Third, using a forecast error variance decomposition, we compared the relative correlations between the variables and the EUA price. The greatest effect on the EUA price was that of the past EUA price (84.31%), followed by the electricity price, with the natural gas price last. Thus, we can conclude that the electricity price has the greatest effect on the EUA price, and that the natural gas price has the least effect. Furthermore, a comparison with the findings of previous studies shows that the relative strengths of these determinants have changed over time.

This study contributes to the recent literature [7,8,9,40,41] in three ways. First, we review past studies, reveal errors in their results, and examine how to use VECM modeling correctly. We also include extreme temperatures rather than using average temperatures, in response to limitations identified in past studies. Furthermore, we employ a new variable (bank lending rate). There is a lack of research on the third phase of the EU ETS, which we address here. Therefore, our results offer directions for future research, as well as a way to determine whether the findings of previous studies are still meaningful for the third phase of the EU ETS.

Second, by identifying the determinants of the allowance price, policymakers in countries such as Korea and China can consider which variables to use when setting an ET allowance amount. Our findings also highlight the importance of the carbon price.

Third, economic investors can use the results to recognize which factors have to be considered when predicting the allowance price.

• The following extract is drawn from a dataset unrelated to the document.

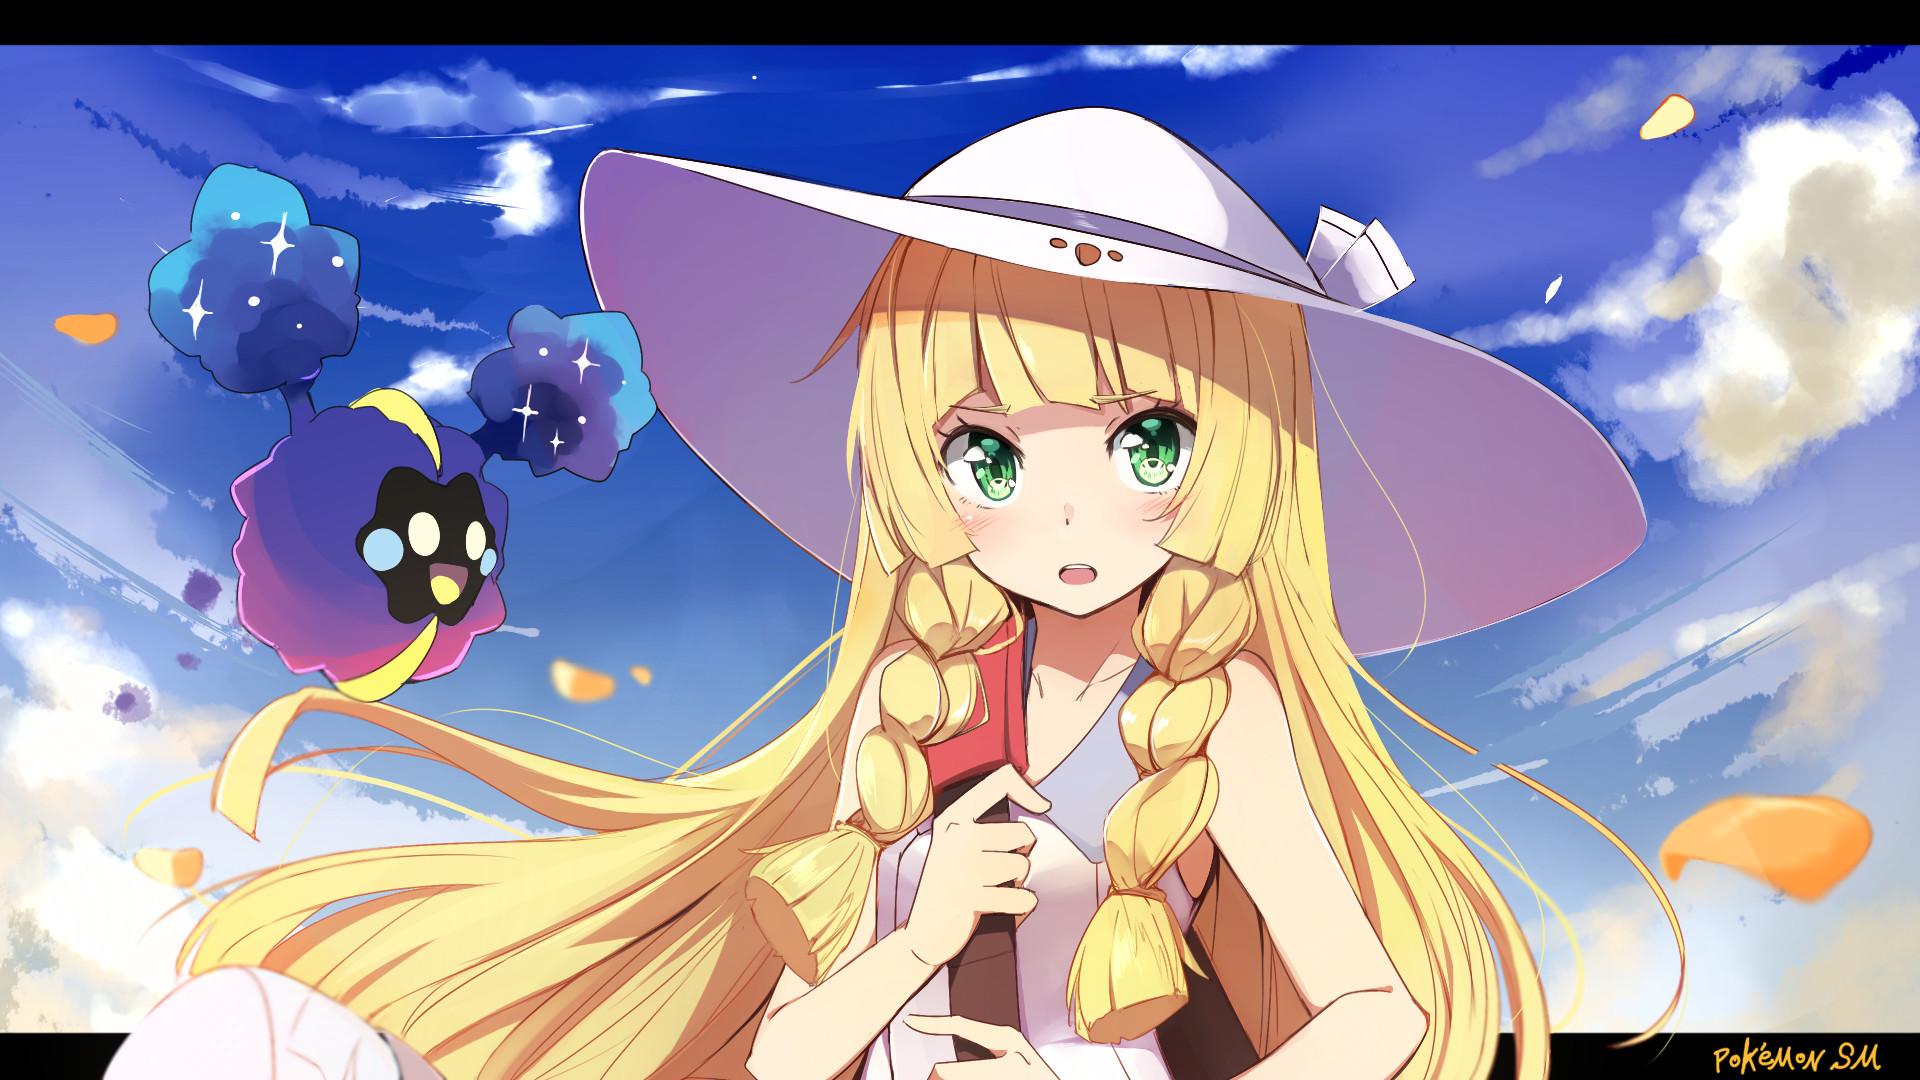 Video Game Pokémon Sun And Moon Lillie (Pokemon) Cosmog (Pokémon) Wallpaper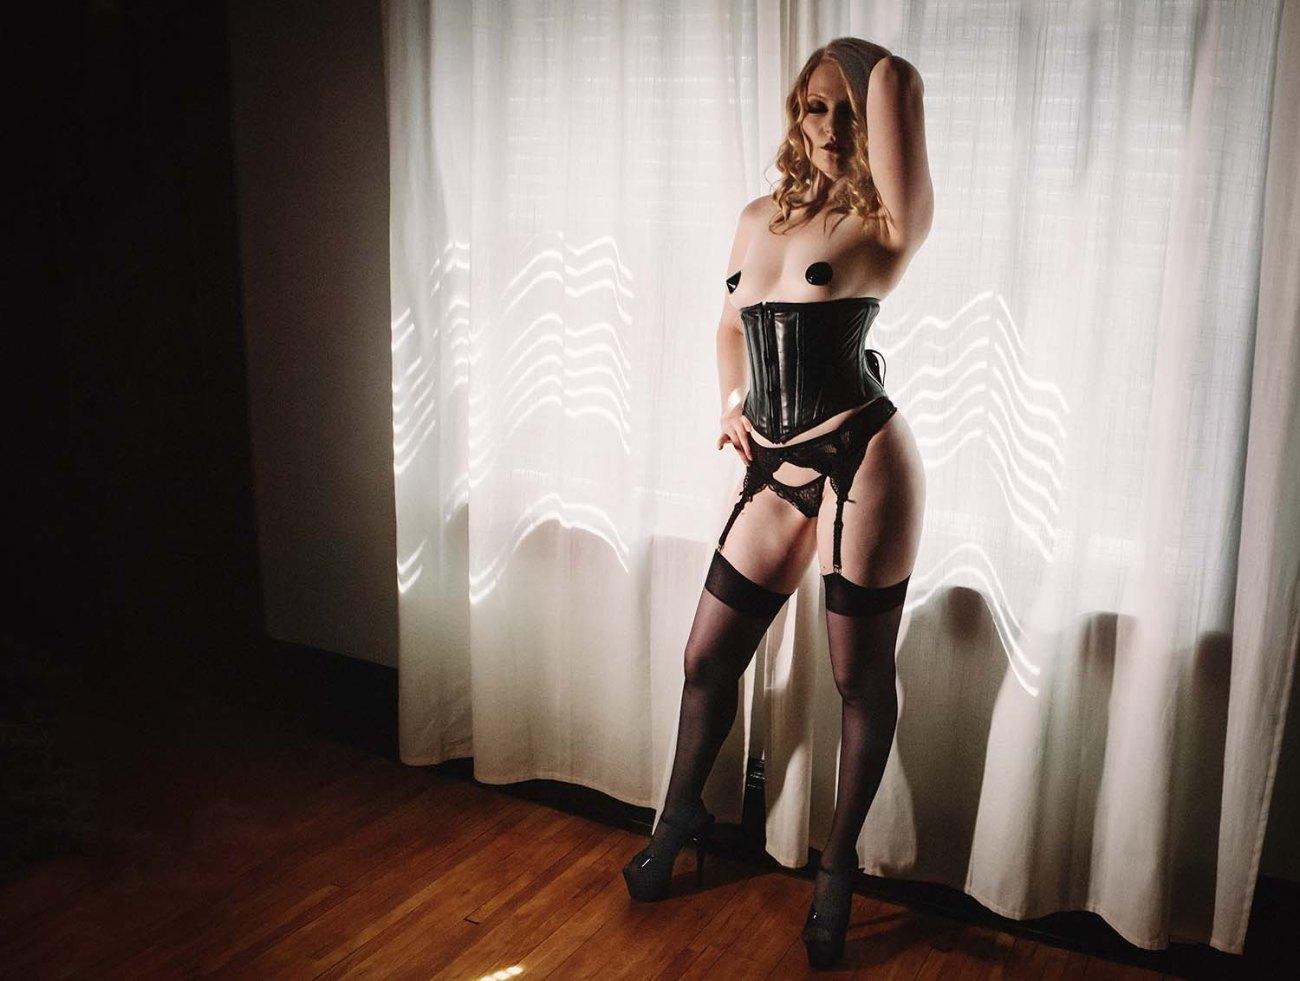 Minneapolis Boudoir Photographers Black Vinyl Corset Dark Moody Intimate Lifestyle Portraits, Saint Paul, Minnesota, Midwest, Erotic, Strip Tease, Gift

However, there are several limitations to this study. First, other economic variables should be taken into account. These include the economic growth rate, exchange rate, and macroeconomic risk factors such as the Dow Jones Euro Stoxx 50 index, Reuters/Jefferies Commodity Research Bureau (CRB) futures index, and European Union-related financial data, such as the DAX30 and CAC40. Second, we focus on five countries that have the biggest carbon emissions in the EU ETS, and use temperature and precipitation data for the capital city in each country. However, there may be better measures for these variables.